Extracted from manual: Copyright of the model is maintained by the developers, and the model is distributed under the terms of the Creative Commons Attribution-NonCommercial 4.0 International Public License http://creativecommons.org/licenses/by-nc/4.0/legalcode. If you use this model in your work, you are requested to cite [1] in the reference [1] P.-Y. Chen, S. Yu, “Compact modeling of RRAM devices and its applications in 1T1R and 1S1R array design,” IEEE Trans. Electron Devices, vol. 62, no. 12, pp. 4022-4028, 2015.

CMOS Technology

A commercial 40nm technology was used. Substitute it with the most convenient one, but take into account that results may vary depending on it.
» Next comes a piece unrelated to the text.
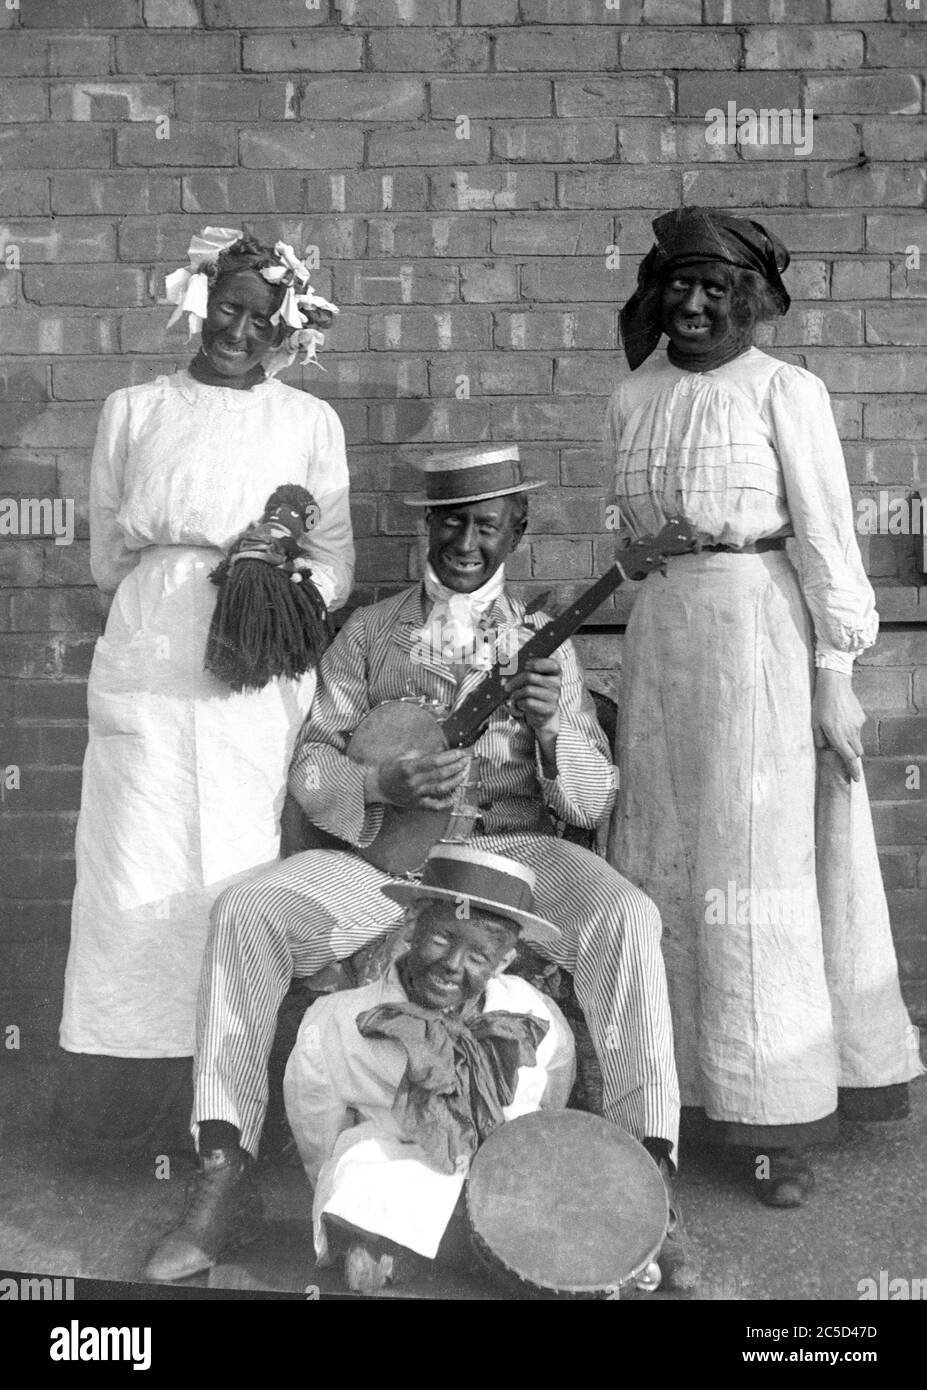 Archive image of children in blackface circa 1930, with instruments. Stock Photo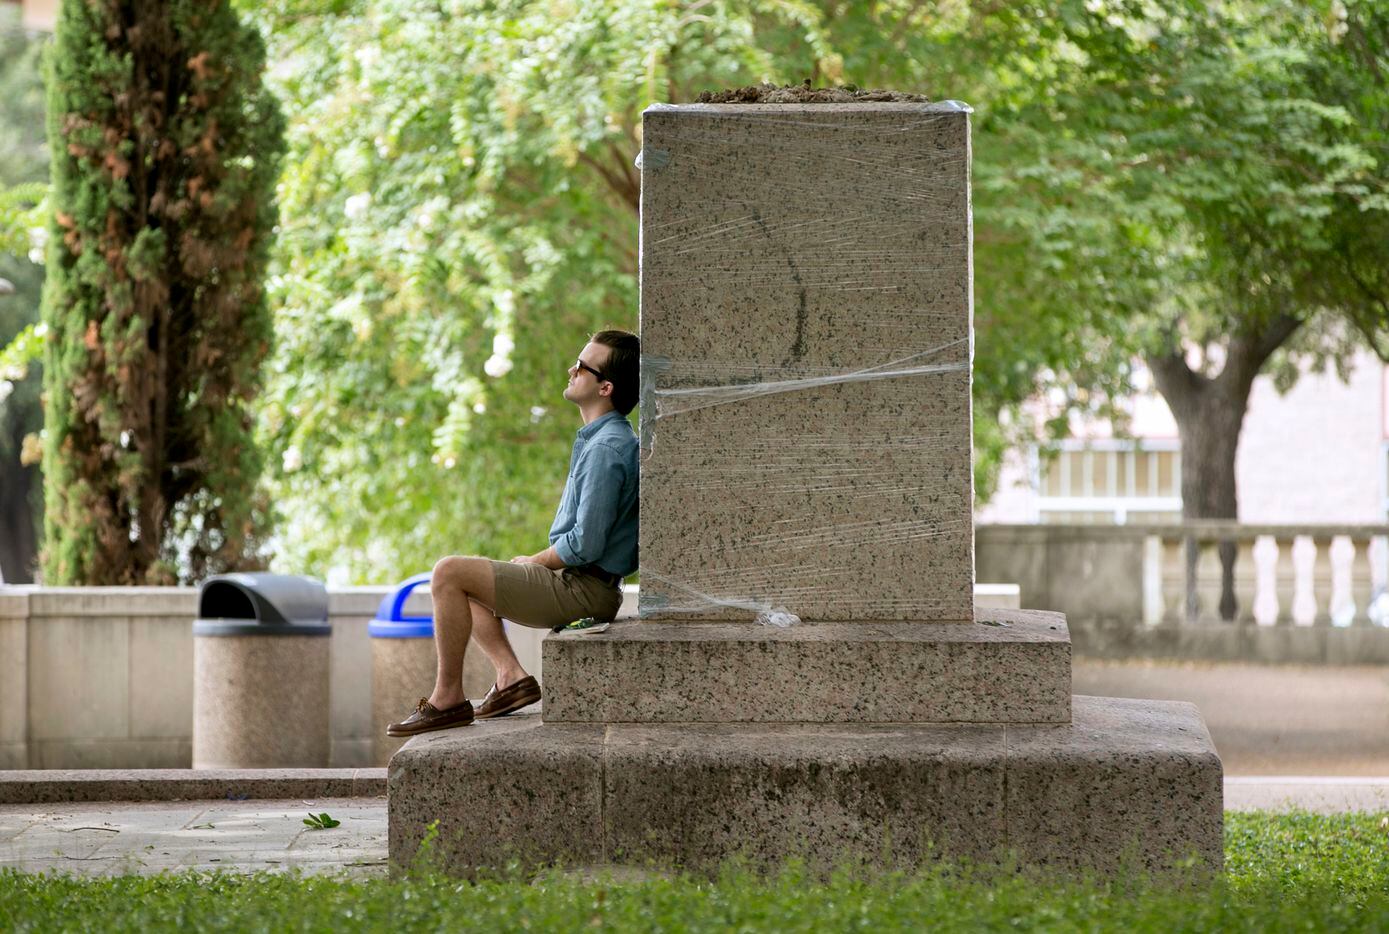 Edwin Bryan Robert Jr. sits at the base of a pedestal and "remembers history" after a statue...

You must rerun the whole methodology.

Abstract from the paper submitted to IOP Nanotechnology

Memristor crossbar arrays naturally accelerate neural networks applications by carrying out parallel multiply-add operations. Due to the abrupt SET operation characterizing most RRAM devices, on-chip training usually requires either from iterative write/read stages, large and variations-sensitive circuitry, or both, in order to achieve multilevel capabilities. This paper presents a novel architecture to program multilevel devices with a short and fixed operation duration. We rely on an ad-hoc scheme to self-control the abrupt SET, choking the writing stimulus as the cell addresses the desired level. We validated the proposal against thorough simulations using RRAM cells fitting extremely fast physical devices and a commercial 40nm CMOS technology, both exhibiting variability. For every case the proposed architecture allowed progressive and almost-linear resistive levels in each 1T1R and 1R crossbars structures.